A paixão americana pela ocupação territorial da parte oeste dos Estados Unidos é tão visceral que rende lendas, livros, documentários, séries e filmes, mais ainda, um gênero em si só: o western. A figura dos cowboys, heróicos ou vilões, se multiplicam por séculos e nunca saem de moda. A “nova” onda de revisitação desse período histórico tem demorado a emplacar, com repetições de histórias ou situações violentas, lentas e até meio sem sentido. Diante disso, vamos reconhecer: Terra Indomável (American Primeval) se destaca.

São seis episódios apenas, fáceis de maratonar. Inspirado em fatos reais (a Guerra de Utah) que são usados no pano de fundo, a série dirigida por Peter Berg é mais uma vez uma parceria do diretor/ator com os roteiristas Mark L. Smith (The Revenant) e Eric Newman (Griselda e Narcos), além do ator Taylor Kitsch (Painkiller). Tudo funciona, mesmo que nada seja “novo”.

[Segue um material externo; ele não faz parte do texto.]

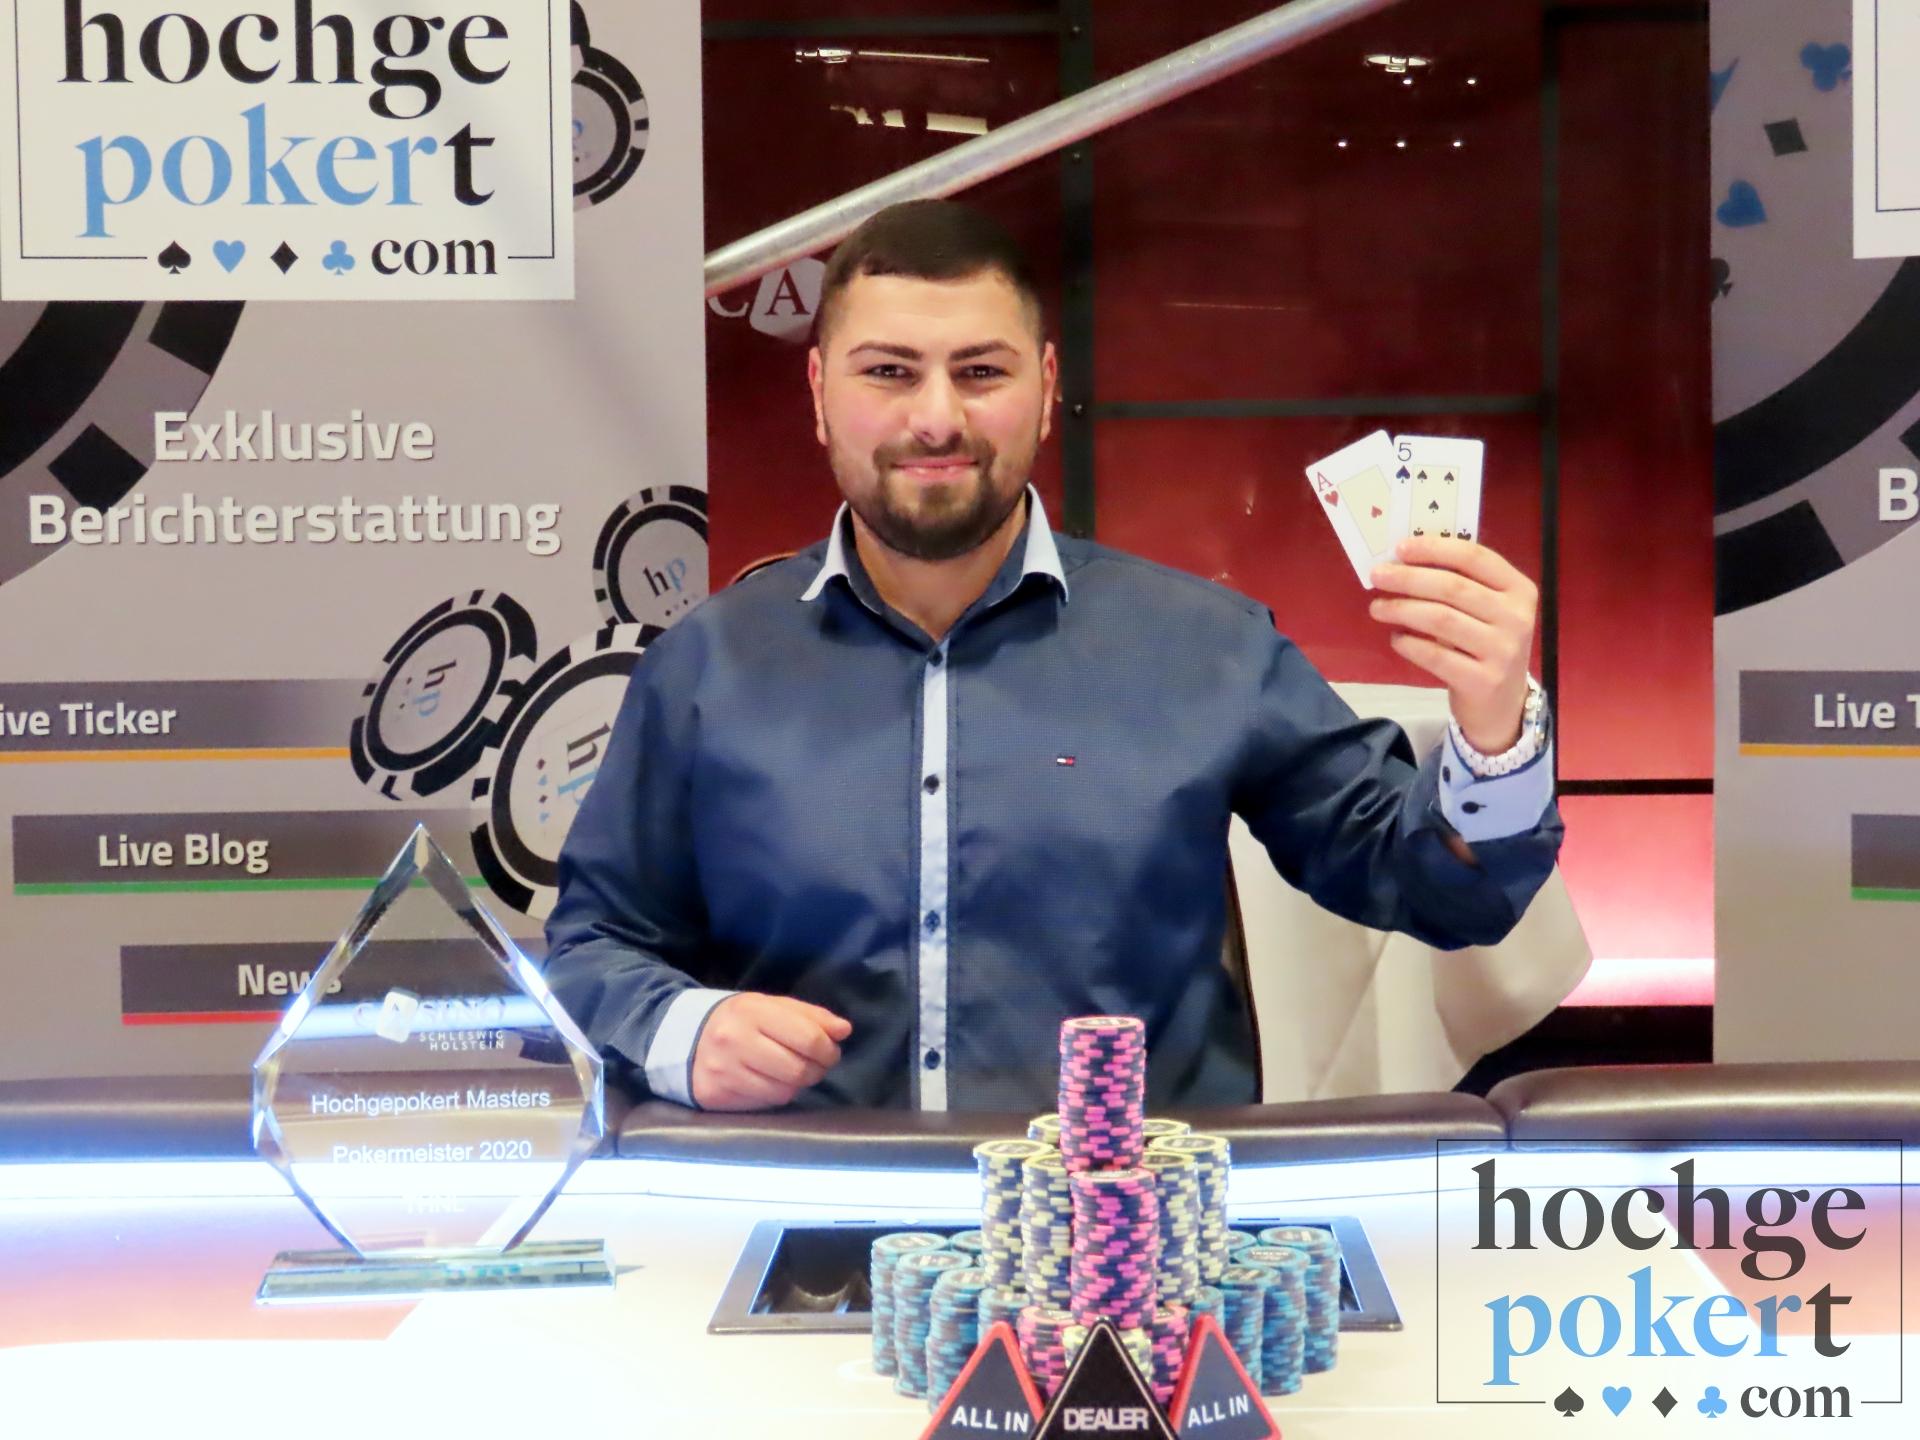 Unibet Plant Neue Poker Software Für 2021 | Hochgepokert

Uma características da visão atual dos westerns, que inclui a saga de Kevin Costner, Horizon, tem sido a de destacar a miséria absoluta dos que se arriscaram a povoar o território, sempre expostos aos perigos da natureza, aos confrontos com os indígenas lutando por suas terras, mas, acima de tudo, à podridão da alma humana. O clássico perfeito de Clint Eastwood, Os Imperdoáveis, de 1992, foi considerado inovador há 33 anos quando mostrou um pouco desse cenário, mas agora as camadas de violência vêm sido reforçadas. A série Billy the Kid também navega por essa vertente. Então é importante destacar o quanto Terra Indomável (American Primeval) é muito boa.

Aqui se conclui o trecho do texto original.